Except, maybe, earn their wealth? Or are you going to lump EVERYONE with wealth as silver spooners... I don't think I have seen a more judgmental post so far.
 
But if it came down to actually checking off a box on our tax return that says "Yes, add another $1400 a month to my own tax bill to pay for somebody else's Universal Basic Income", would we check that box? I suspect it would reveal whether we REALLY support it.

By popular demand, Massachusetts actually has a box where you can pay more for your income tax. Don't have the exact number but I know it is a very, very small number of people who actually do. Something like under 1500 people in the entire state.

IIRC it was in response to a drive for lower taxes and a whole lot of people claimed they'd be fine with paying more taxes to support a variety of social causes. In the end, apparently few do, regardless of the social benefit.
 
My dad did work in Cuba before Castro, and then in his later years was able to visit Havana, around 2008, twice.

He told me that the government would provide a basic sustenance of a rice and beans diet, for free. If that's all you wanted out of life, you got that for free.

If you wanted more, you had to find some sort of useful employ.

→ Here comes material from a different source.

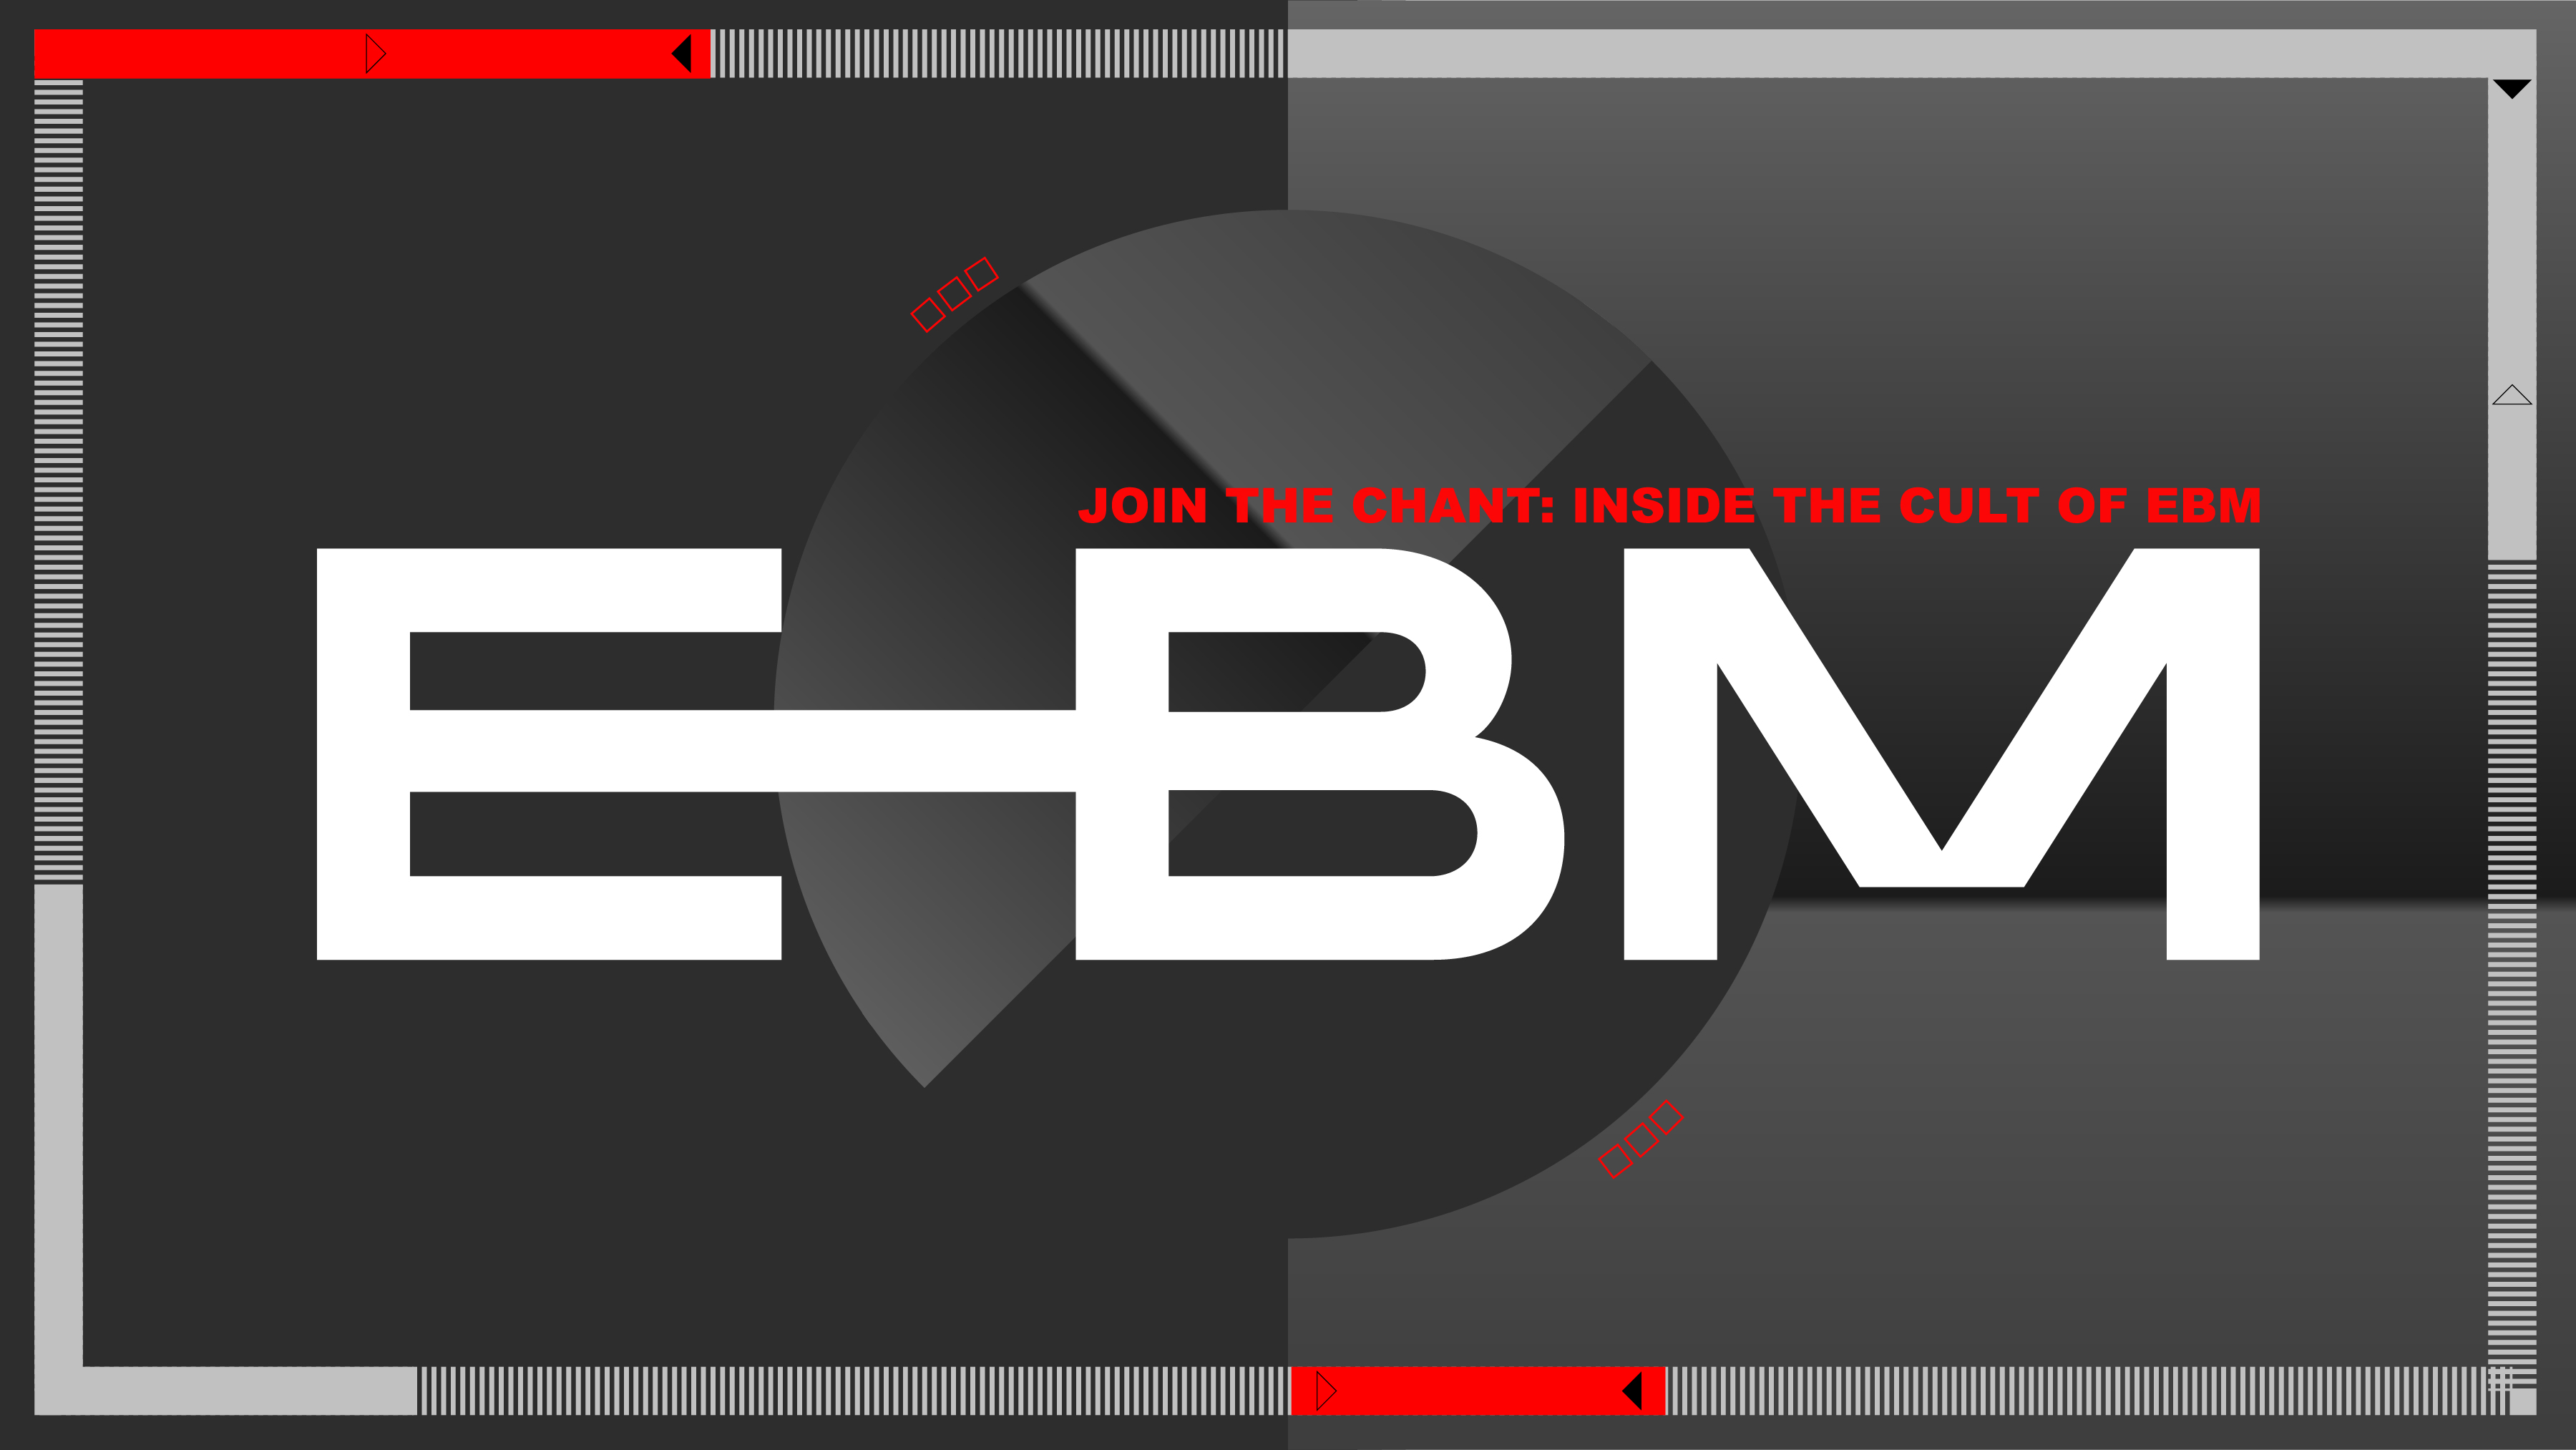 Join in the chant: Inside the cult of EBM

I'm not saying this is a good system, or a bad system. But it is interesting to ponder.
 
I remember reading some Mack Reynolds sci fi back in the 60s. His stories, especially Mercenary from Tomorrow, included the concept of a basic guaranteed income for all citizens. It was enough to exist on (especially with the free beer, drugs, and TV), but if you wanted more you could work IF you could find a job. It was an eye opener for me as a teen, very thought provoking. I didn't read the AI article, but I could see something like this developing from the combination of the welfare state and technology doing away with types of jobs that don't require education or training.

The Star Trek socioeconomic environment is more benevolent, but not all that different. All basic needs are supplied, leaving people free to strive and create as they desire.

I don't think this will happen in my lifetime, but I wouldn't be surprised to see something like it a few generations down the road.
 
My dad did work in Cuba before Castro, and then in his later years was able to visit Havana, around 2008, twice.

He told me that the government would provide a basic sustenance of a rice and beans diet, for free. If that's all you wanted out of life, you got that for free.

If you wanted more, you had to find some sort of useful employ.

I'm not saying this is a good system, or a bad system. But it is interesting to ponder.
Sounds similar to a subsidized housing/welfare/food stamps combo.